==== Data extract

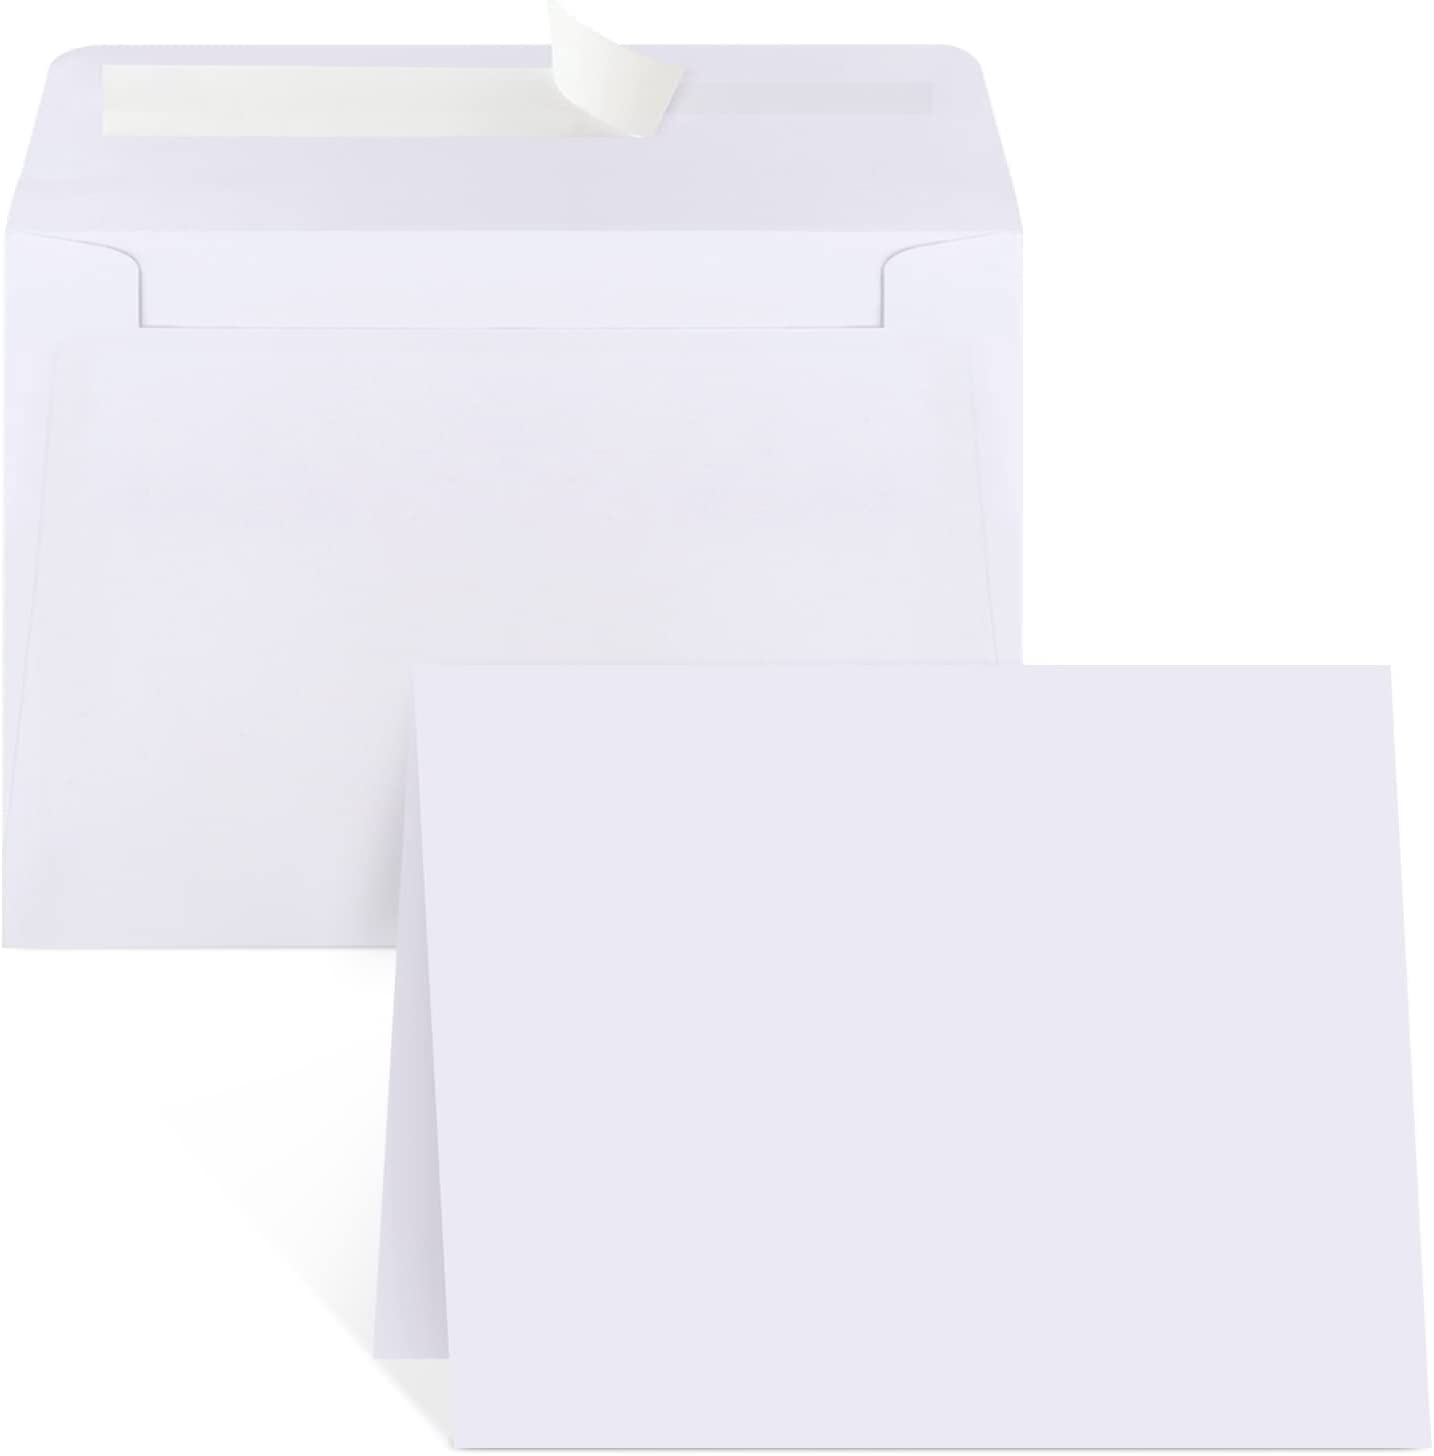  Blank Cards and Envelopes 4x6, 30 Pack Brown
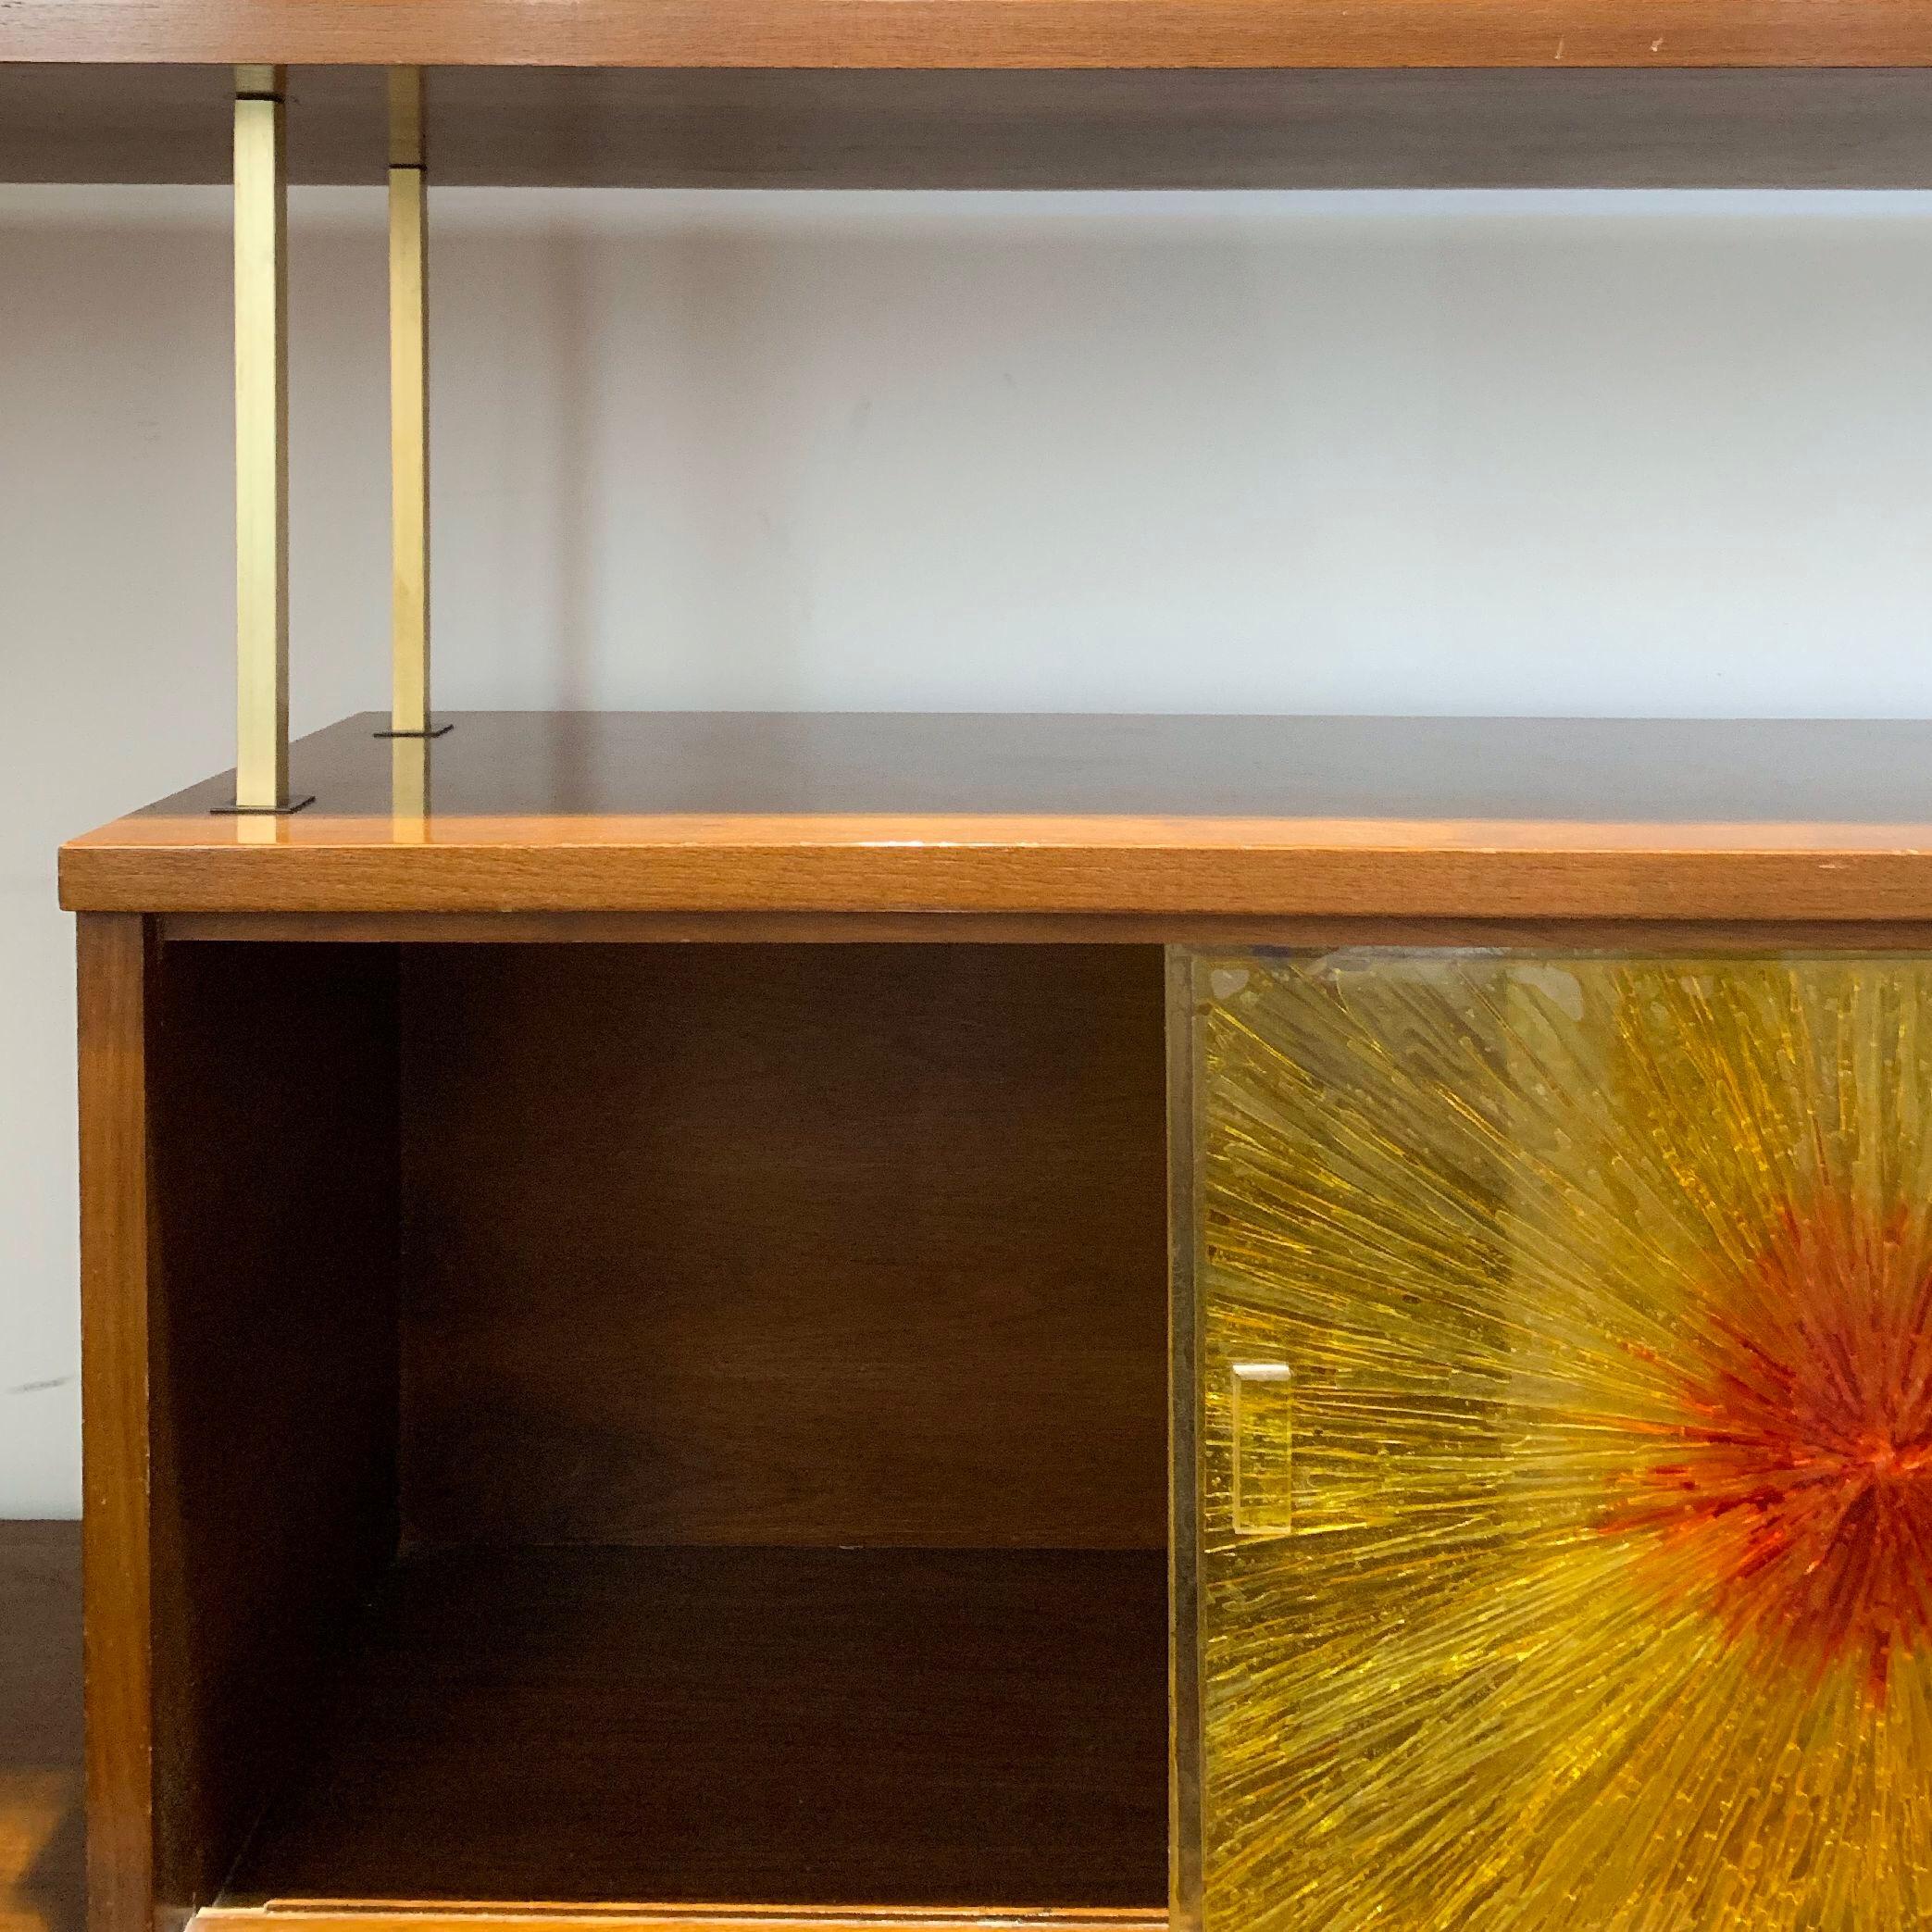 Gorgeous Adrian Pearsall walnut and brass Brutalist Mid-Century Modern étagère bookcase. Multiple cabinets, sculptural flip down doors as well gold /red accented sliding doors. Lovely proportions. Brutalist expressiveness with the perfect geometry
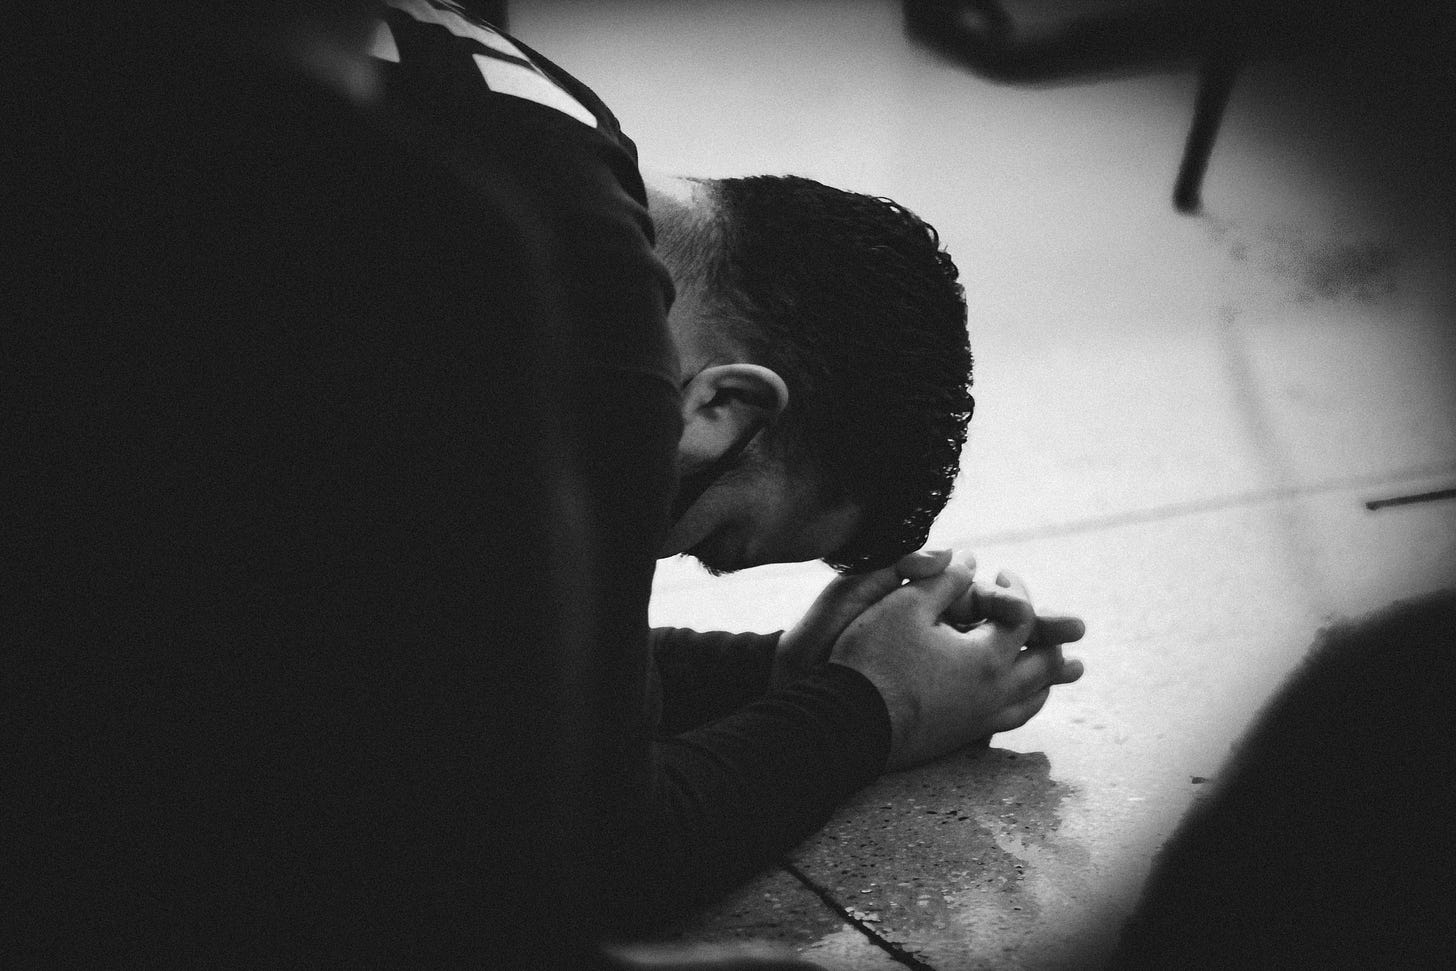 B&W image of a young man bowing on the floor, hands folded in prayer.

========

• Instructions to follow
The reply should repeat the listing above exactly and contain no pictures.

• Exercise output
  Blank Cards and Envelopes 4x6, 30 Pack Brown
 Gorgeous Adrian Pearsall walnut and brass Brutalist Mid-Century Modern étagère bookcase. Multiple cabinets, sculptural flip down doors as well gold /red accented sliding doors. Lovely proportions. Brutalist expressiveness with the perfect geometry
 B&W image of a young man bowing on the floor, hands folded in prayer.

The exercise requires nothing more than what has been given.